The face of resistance within Russia
The regime fears nothing more than the truth, writes exiled opposition activist Dmitry Gudkov in a Telegram post republished by Echo:
“Sasha has become the face of the Russian resistance. She is the answer to the accusation of collective responsibility [of all Russians for the war]. ... Incidentally, Gladyshev, that scoundrel of a prosecutor, admitted that Sasha had written the truth on her price tags. And he said that she was guilty not of spreading fake information but of sowing panic by referencing the number of corpses Putin would provide Russia with for decades to come. What these scoundrels fear and what they're fighting against is the truth.”

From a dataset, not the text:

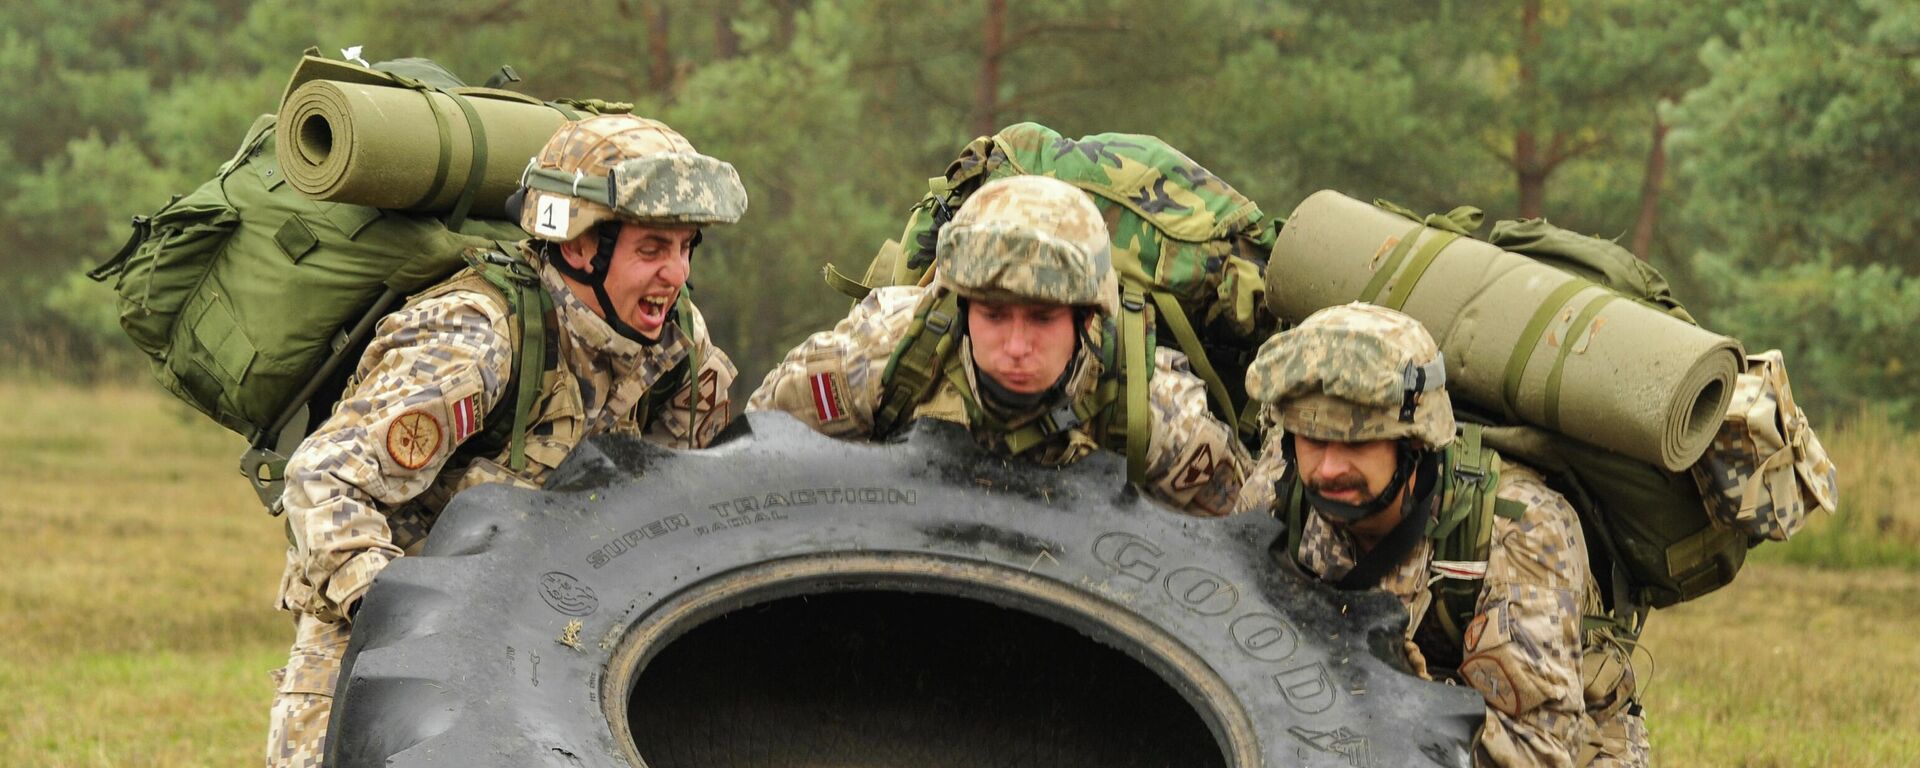 Латвийские военнослужащие во время учений на полигоне Графенвор, Бавария, Германия, 19 октября 2015 года  - Sputnik Латвия, 1920, 30.08.2022

Creative protest means loss of control
In a Facebook post, political scientist Abbas Gallyamov explains why the state is reacting so harshly to this small act of protest:
“Anti-war slogans on price tags seem insignificant only at first glance. In reality, this is a very creative solution with which Sasha was able to bring politics into a fundamentally new and previously inaccessible environment - that of everyday consumption. Although she only did this in a single store, the idea seemed so dangerous to the authorities that they decided to nip it in the bud. ... What the authorities fear most is creativity and politicisation. The average citizen goes to buy milk - and finds politics in the shop. And it's unregulated by the authorities. That's the kind of thing that leads up to revolutions.”